他放下棋子,起身立于謝青玄身前,肅容一拜,“在下不才,懇請公子助我。”
他相信謝青玄能明白他的意思,他不信堂堂謝家的嫡長公子連如今的局勢都不清楚。
謝青玄垂目道:“在下才疏學淺,不敢應世子。”
衛瑁又是一禮,“公子大才,切不可妄自菲薄,來日事成,必應公子之志,懇請公子應允。”這姿態不可謂不低了。
謝青玄覺得差不多了,于是佯裝猶豫,良久才答道:“那……謝某便盡力為之。”
衛瑁大喜,有謝青玄相助,他贏的幾率至少五五分。
第5章 邀請
那邊,衛瑁和謝青玄相談甚歡,而這邊,衛熙卻是慘淡一片。
她被靜安郡王妃勒令抄寫一百遍女德與女戒,原因:頂撞夫子,還拒不道歉。
“縣主,該用飯了。
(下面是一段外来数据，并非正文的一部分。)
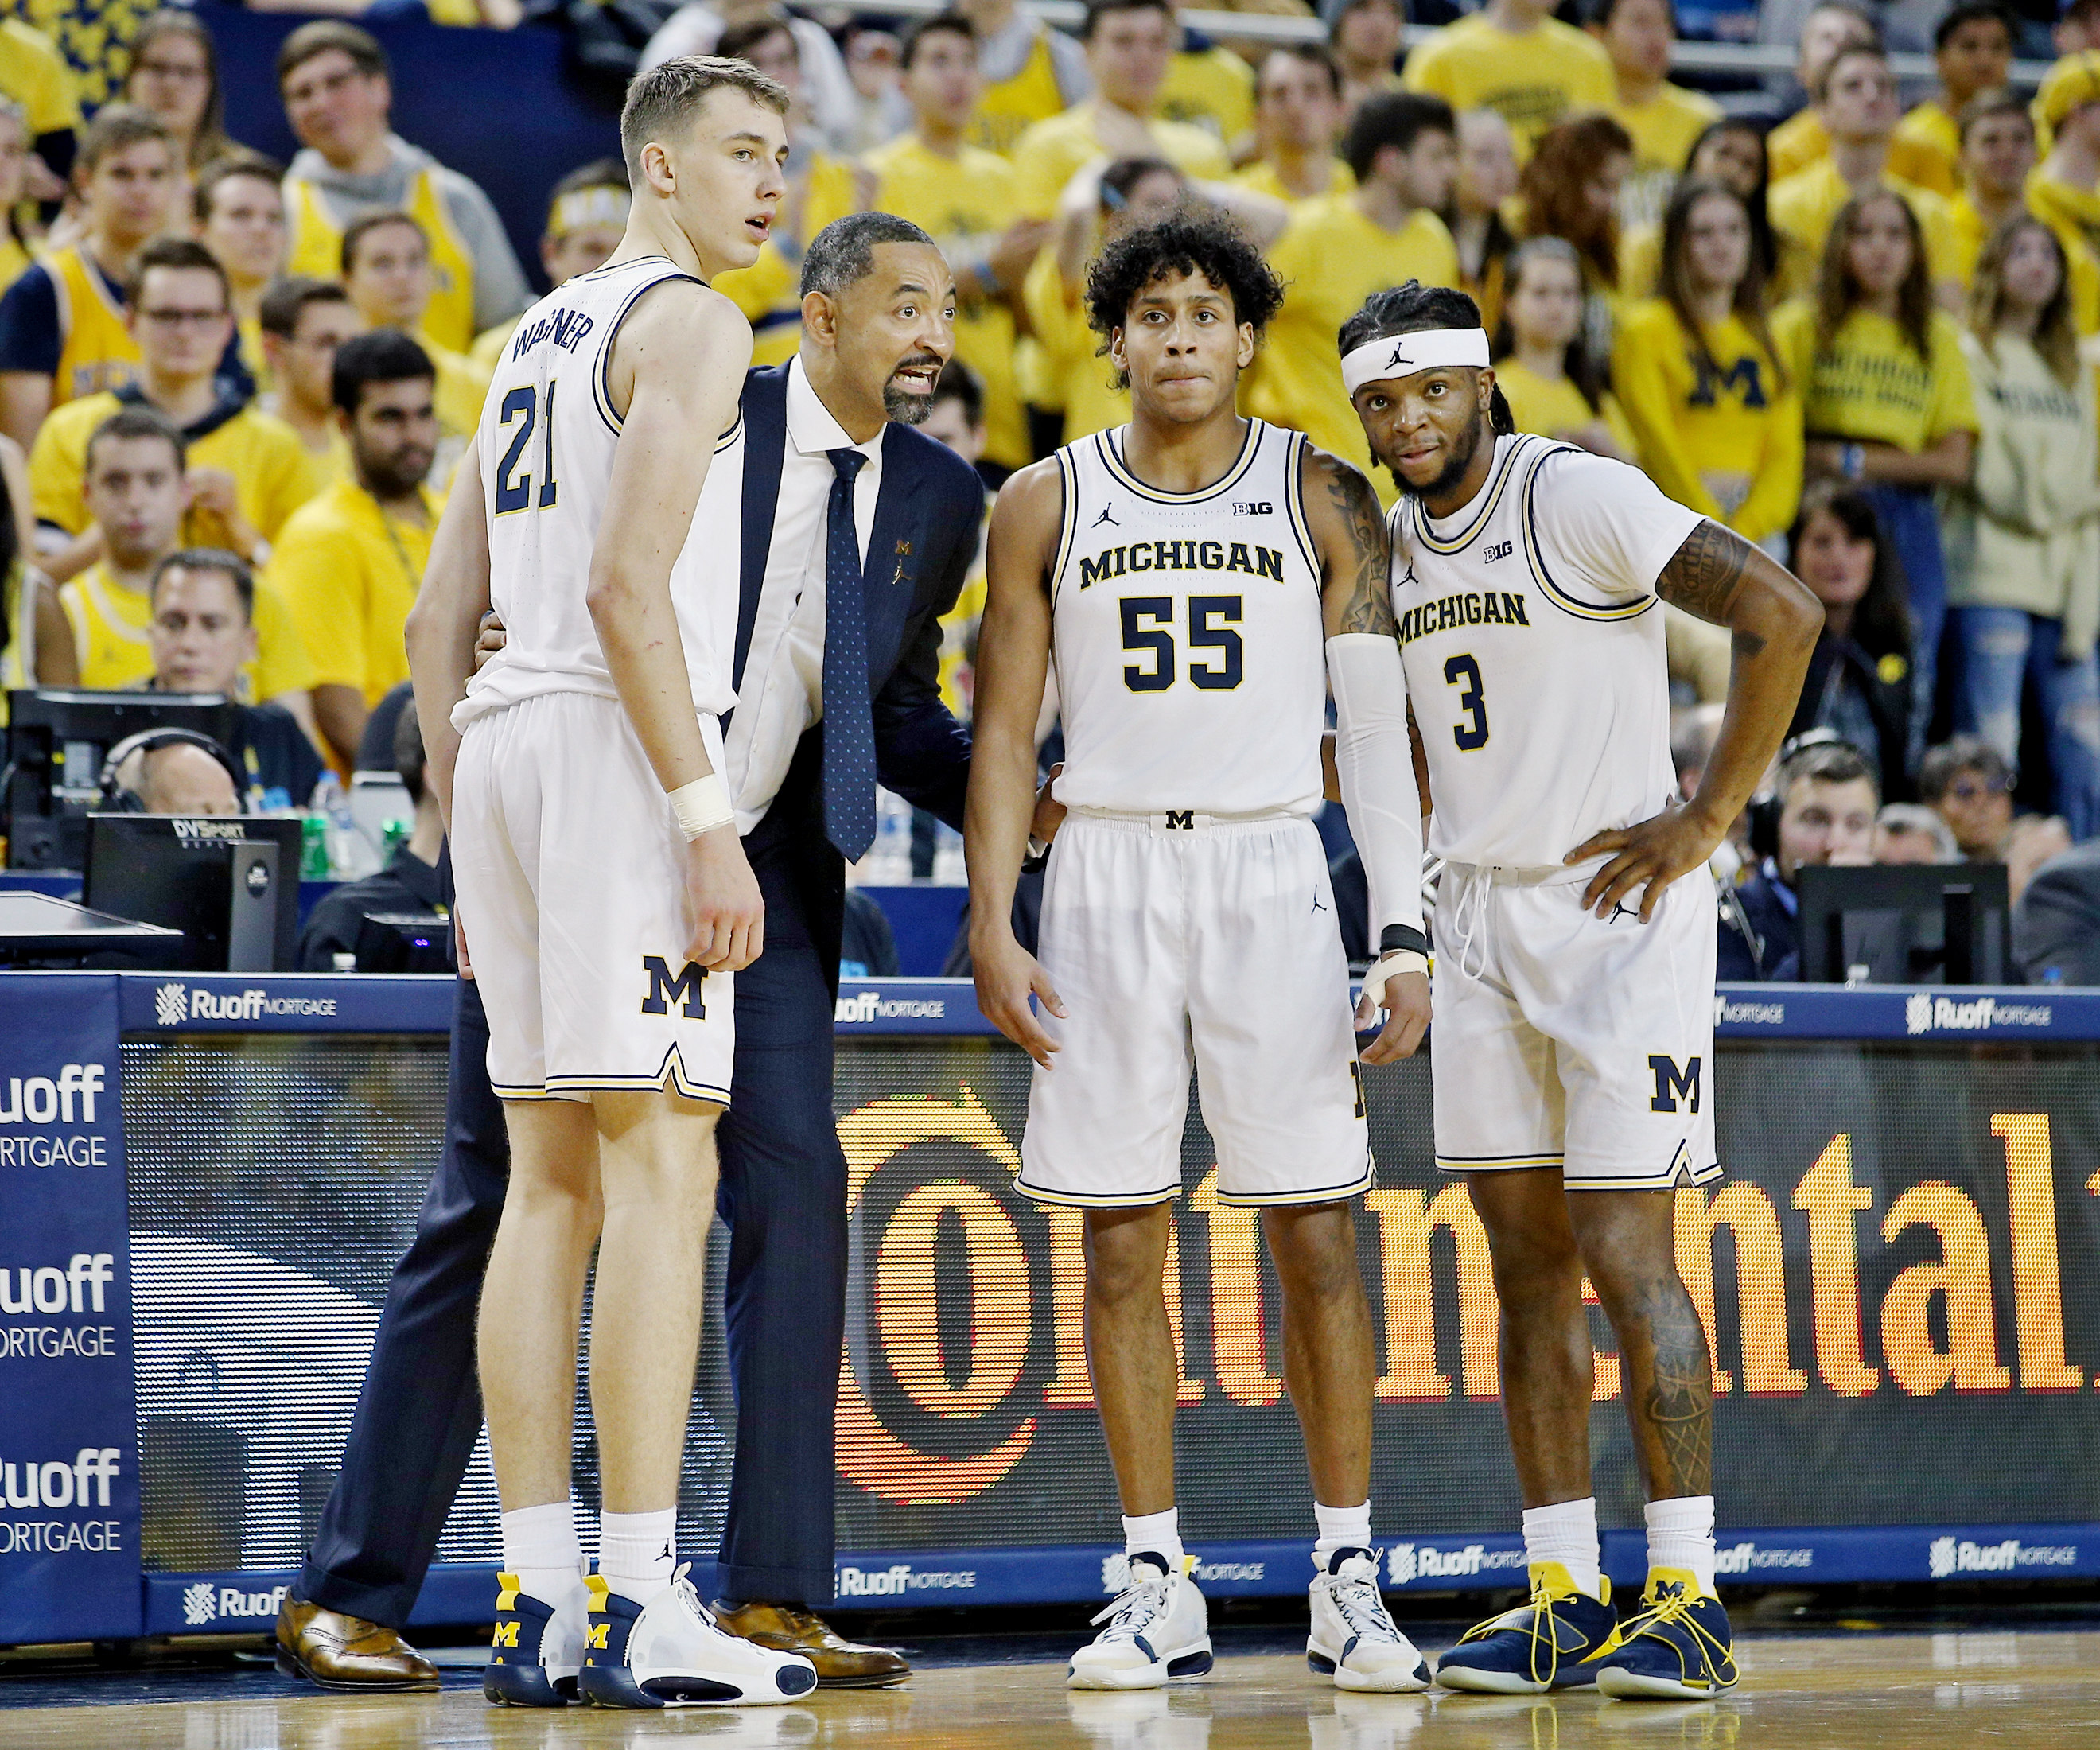 Michigan basketball unveils jersey numbers for freshmen, others

”櫻紅進來,小心翼翼地對著書案前明顯還生著氣的衛熙說道。
衛熙沒抬頭,只繼續苦大仇深地拿著筆,對著紙上飛快地寫著,用力之大,如若不是用的紙是極好的宣紙,只怕早就爛了。
由此可見,她心中對于罰她抄書這件事的深深不滿。
紅纓繼續勸了兩句,衛熙依舊不為所動。
“縣主,您就別和王妃賭氣了,王妃也是為了您好,不然要是讓馨月閣的人,告到王爺那里,對縣主多不好呀。”紅纓輕聲哄道。
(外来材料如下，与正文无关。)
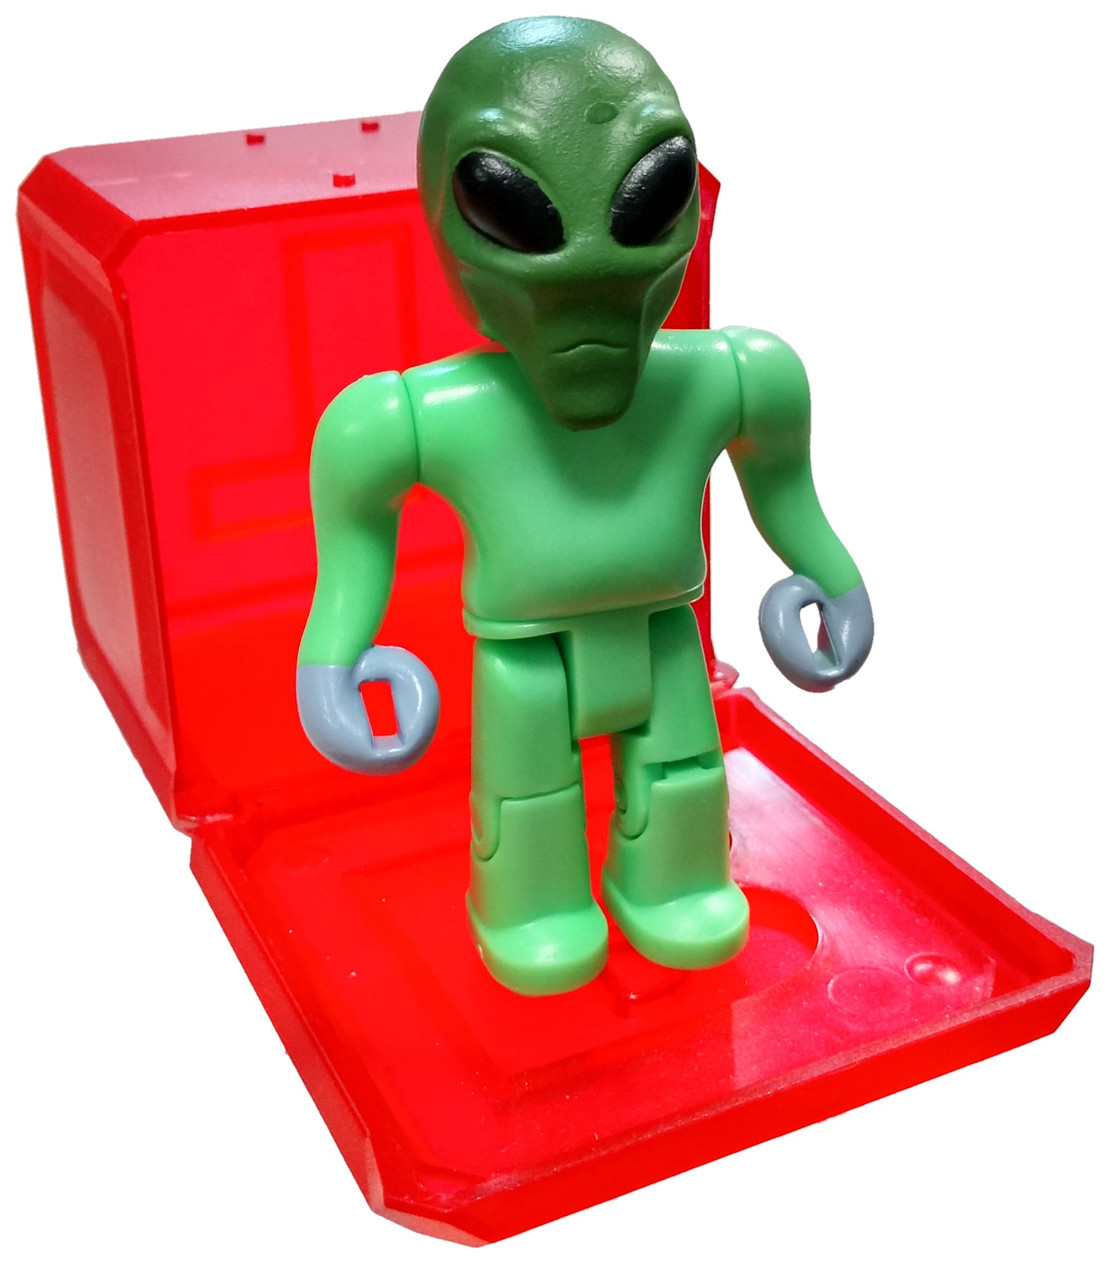 Roblox Celebrity Collection Series 5 Pinewood Alien 3 Mini Figure With Red Cube And Online Code Loose Jazwares Toywiz - roblox minifigures series 5

衛熙哼了聲,道:“就算她們告到父王那兒,我也不怕,本來就不是我的錯,再說了,父王才不會因為這點事兒說我呢。”
紅纓一時也沒法說什么,的確,王爺不可能因為這點事兒就對縣主動怒。
只是王妃想得更仔細些,不僅只是因為怕王爺知道了,長久下來,對縣主的慈愛之心有損,更是因為想要扭一扭縣主的性子。
“是那老頭故意針對我,陰陽怪氣地看著我,說什么身為女子應該謙恭溫順,不可驕逸奢侈,我不過出言反駁了兩句而已!知道他喜歡衛馨,可也不能故意這樣罵我呀!”衛熙現在心里都憋著氣呢,忍不住說道。
那老頭平日里就不喜歡她,只喜歡衛馨,每次上課總要找機會訓斥她一番,往日里確實是她功課有疏漏,所以衛熙也就忍了。
但這次衛熙什么都沒做,就被他陰陽怪氣地說了一通,自然是忍不了了,當場就和他理論起來。
她字字狠厲,句句戳人心頭,那老頭被她說的啞口無言,心中滴血,漲得滿臉通紅,最后一甩袖,跑到王妃那兒告狀去了。
于是,衛熙就被王妃關在房間里抄書了。
平日里去平光閣的時候,都是梨白還有兩個小丫頭跟著的,但也只是守在外面,不許進去侍候。
櫻紅只知道那夫子有些才學,平日里王爺也多有夸贊,更喜歡二小姐些。
但她也沒往別處多想,只是一個夫子而已,就算再喜歡二小姐,難道還敢對縣主不敬?
現在看來,那夫子還真是拎不清,連這靜安郡王府是誰做主都不知道,王妃要是下了決心要整他,王爺也護不住他!
她見衛熙還是一幅氣鼓鼓的模樣,便柔聲道:“縣主快別氣了,王爺應該快回來了,必會來看縣主,到時候縣主向王爺撒撒嬌,王爺答應了,王妃也不好說什么。”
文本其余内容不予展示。